Benefits and Practical Applications

• Minimal sample requirements (<2 mg) and no elaborate preparation.
• Capability to analyze viscous and solid fractions directly.
• Temperature-resolved molecular insight, including pyrolysis fragments for structural elucidation.
• Complementary to direct infusion and GC-based approaches, with enhanced detection of polar and medium-polar species via APCI.

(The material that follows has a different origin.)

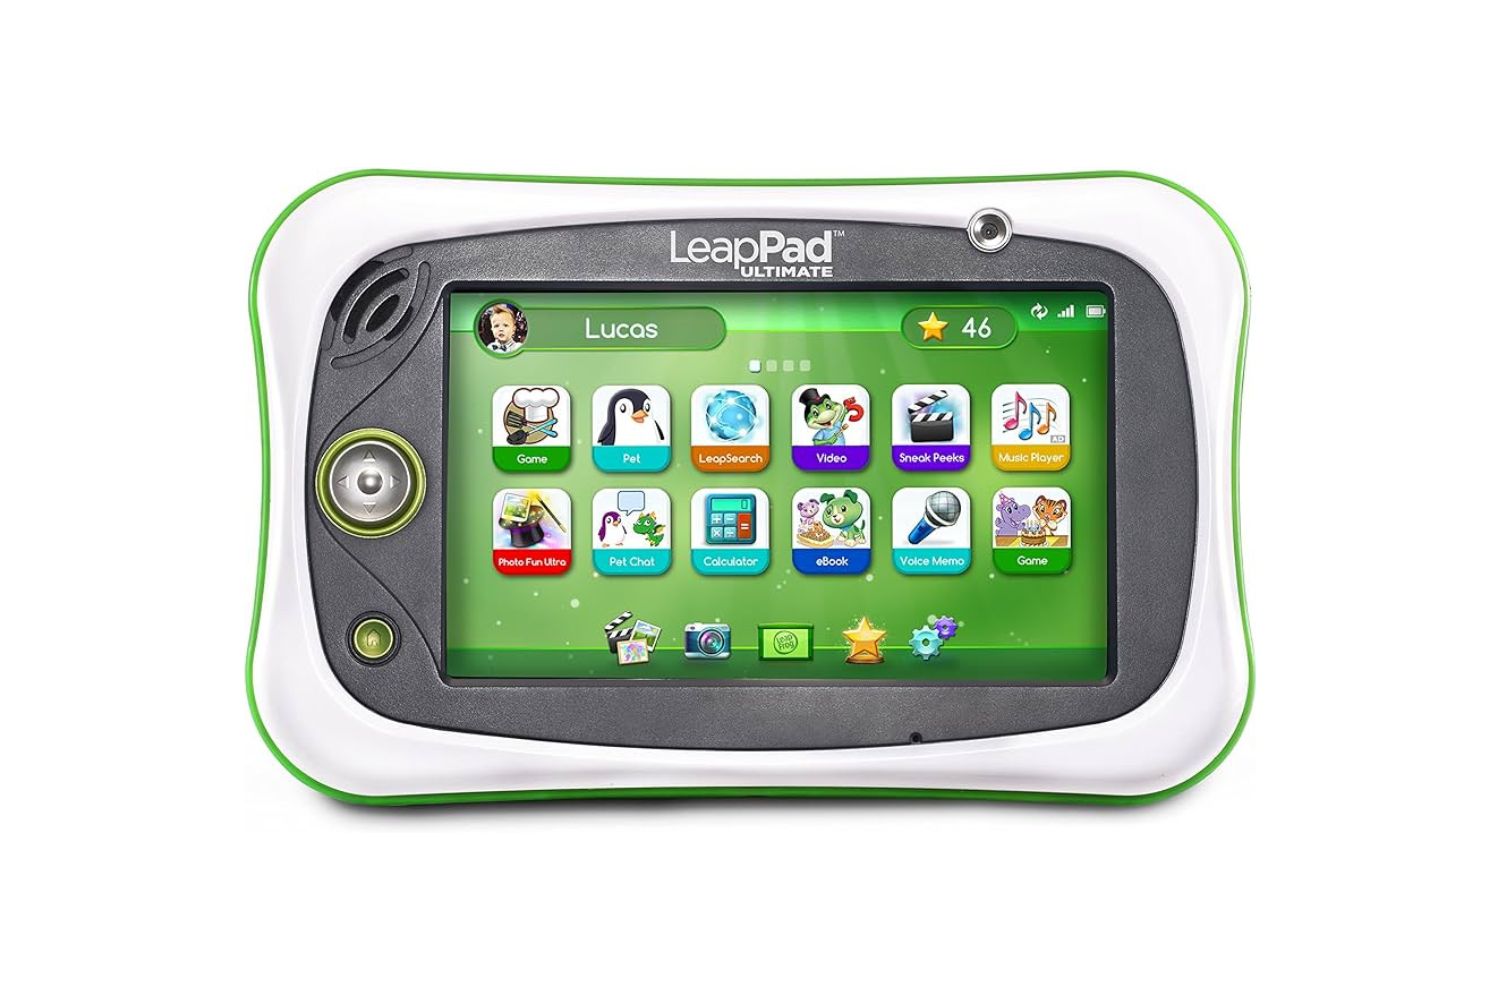 What Is The Latest Leapfrog Tablet
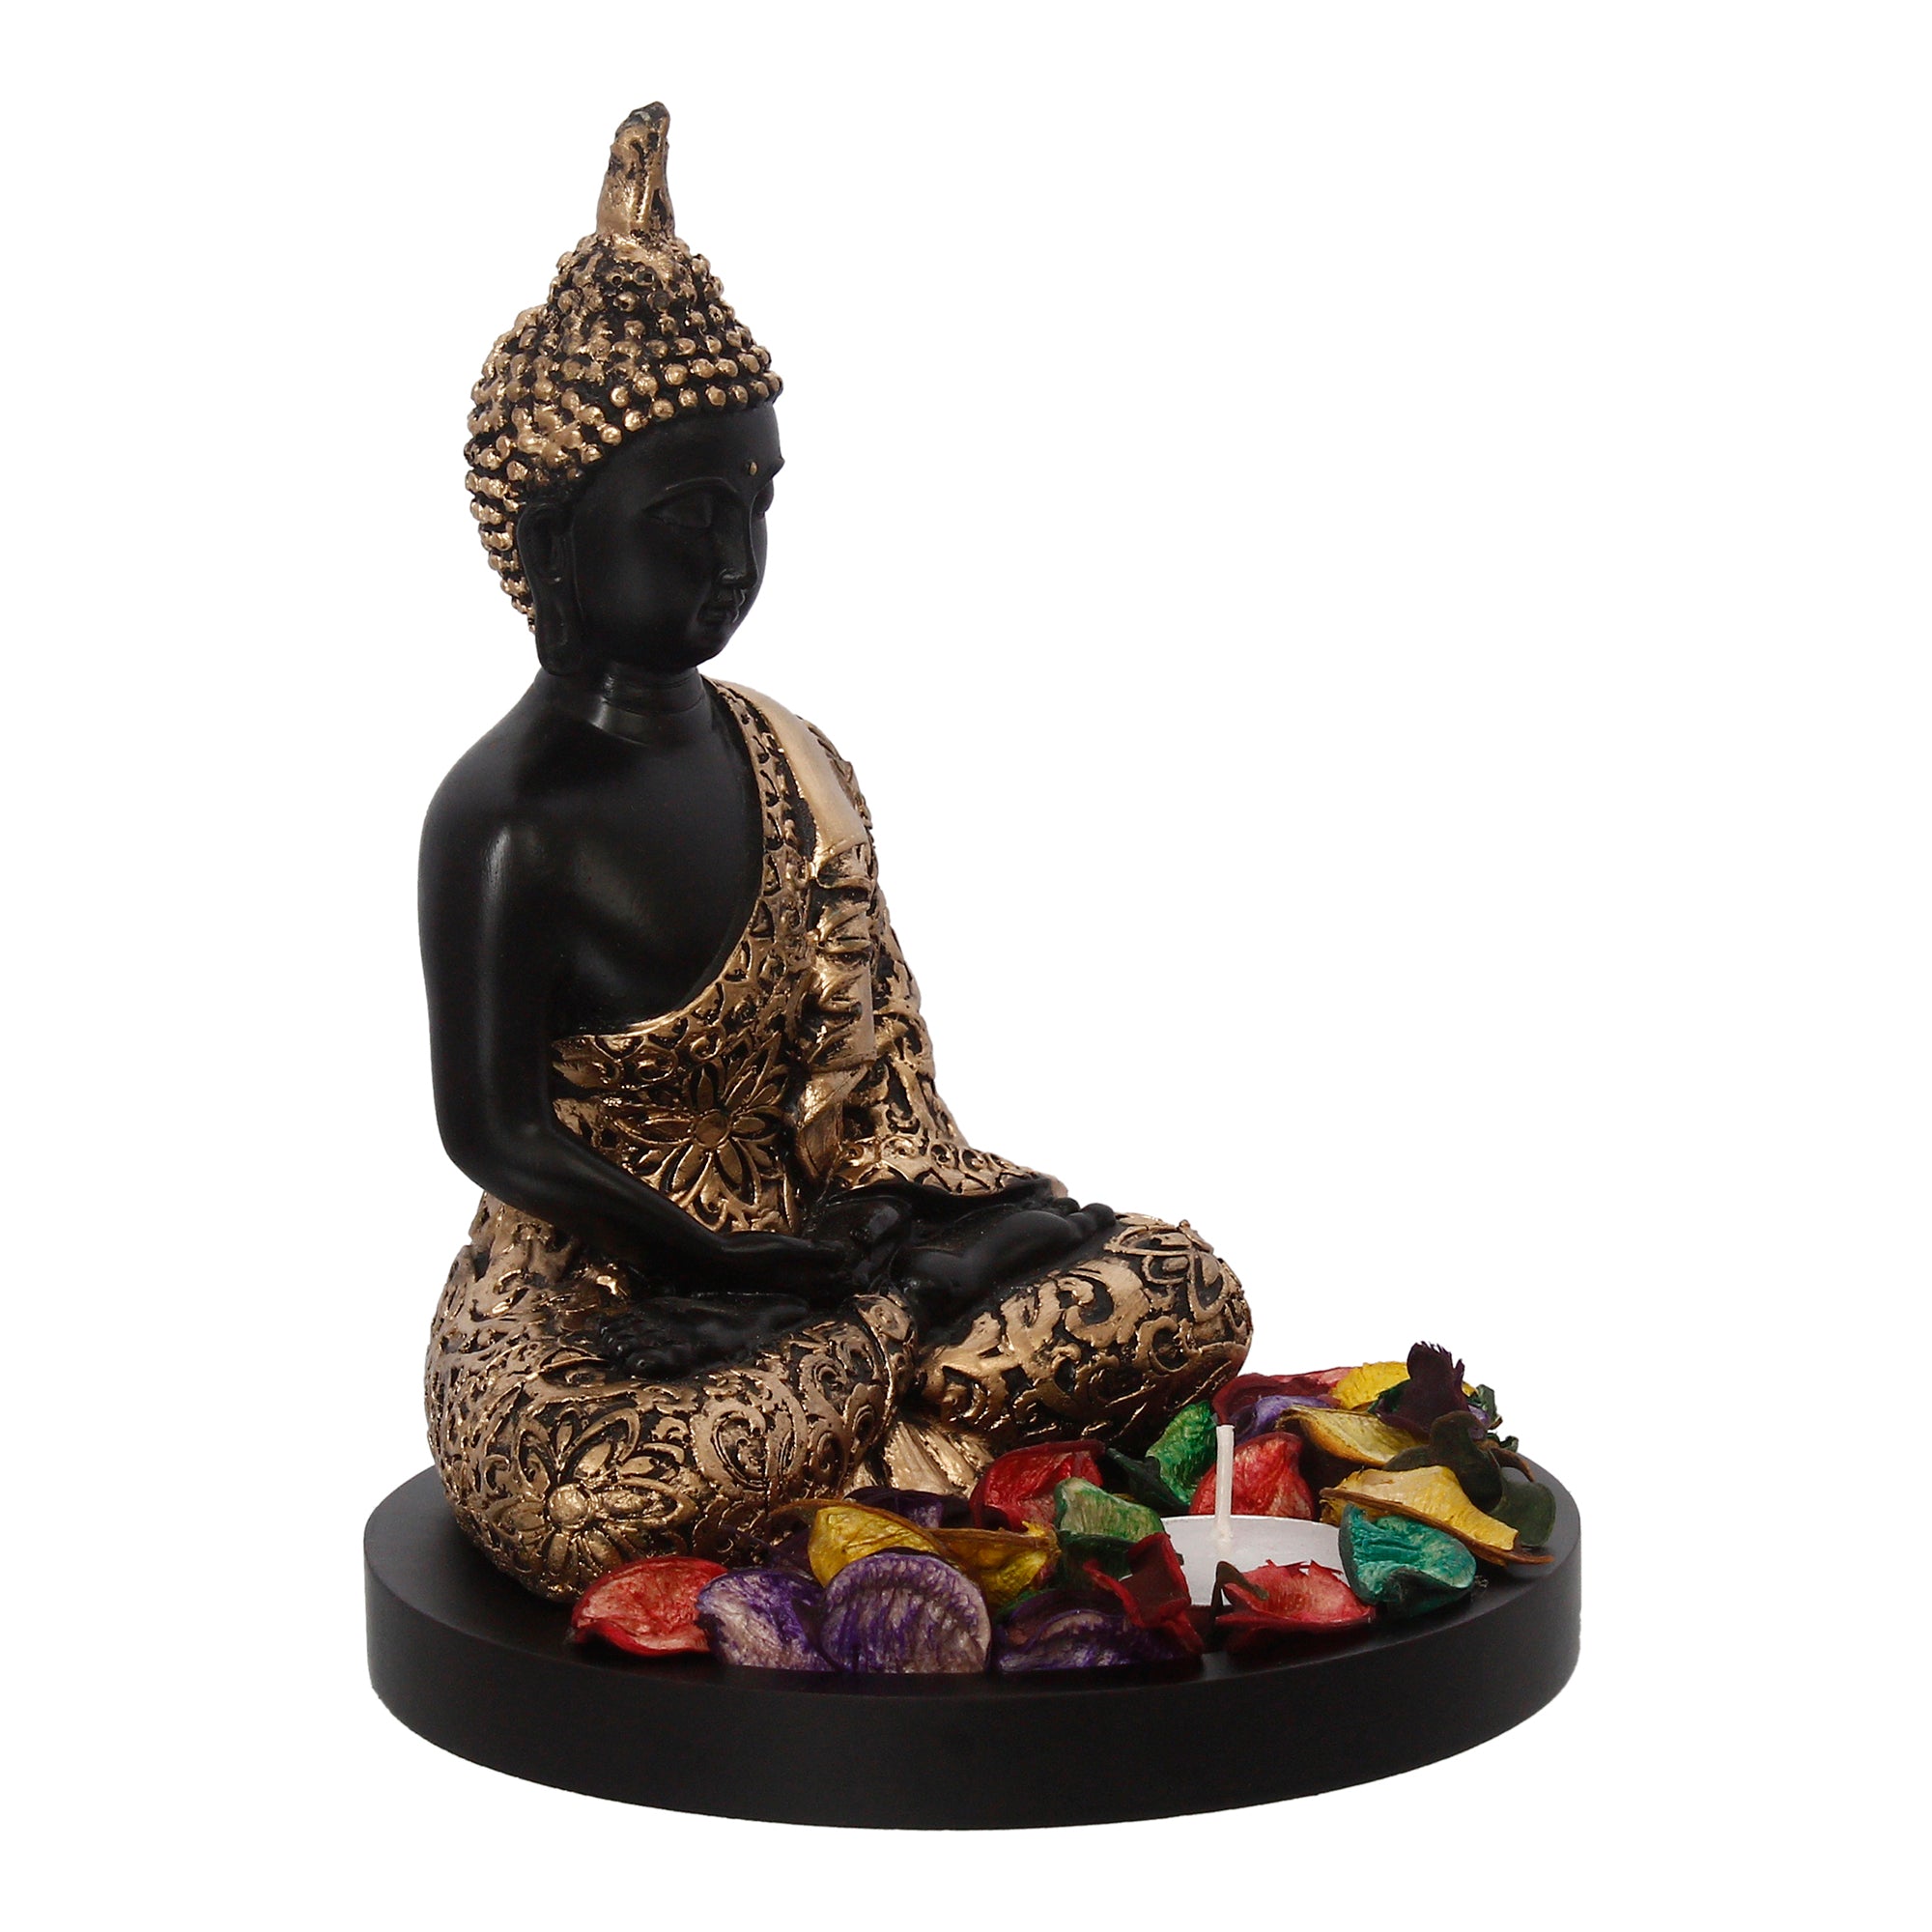 Handcrafted Meditating Golden Buddha Statue with Wooden Base, Fragranced Petals and Tealight 4

Future Trends and Potential Applications

The integration of thermal analysis high-resolution MS is poised to advance petroleomics, environmental monitoring, and quality control of fuels. Future work may involve coupling with alternative ionization methods, real-time reaction monitoring, and leveraging machine learning for automated pattern recognition and class assignments in complex mixtures.

Conclusion

Thermogravimetric analysis paired with GC-APCI MRMS offers a powerful platform for temperature-resolved, molecular-level characterization of petroleum samples. The method’s high resolution, broad mass range, and ability to probe pyrolysis products make it a valuable complement to existing analytical techniques for complex hydrocarbon mixtures.

Reference

1. Rüger CP, Miersch T, Schwemer T, Sklorz M, Zimmermann R. Hyphenation of Thermal Analysis to Ultrahigh-Resolution Mass Spectrometry Using Atmospheric Pressure Chemical Ionization for Studying Composition and Thermal Degradation of Complex Materials. Anal Chem. 2015;87(13):6493–6499.
2. Schwemer T, Rüger CP, Sklorz M, Zimmermann R. Gas Chromatography Coupled to Atmospheric Pressure Chemical Ionization FT-ICR Mass Spectrometry for Improvement of Data Reliability. Anal Chem. 2015. DOI:10.1021/acs.analchem.5b02114.
3. Smit E, Rüger CP, Sklorz M, de Goede S, Zimmermann R, Rohwer ER. Investigating trace polar species in diesel using high-resolution mass spectrometry and selective ionization techniques. Energy Fuels. 2015; DOI:10.1021/acs.energyfuels.5b00831.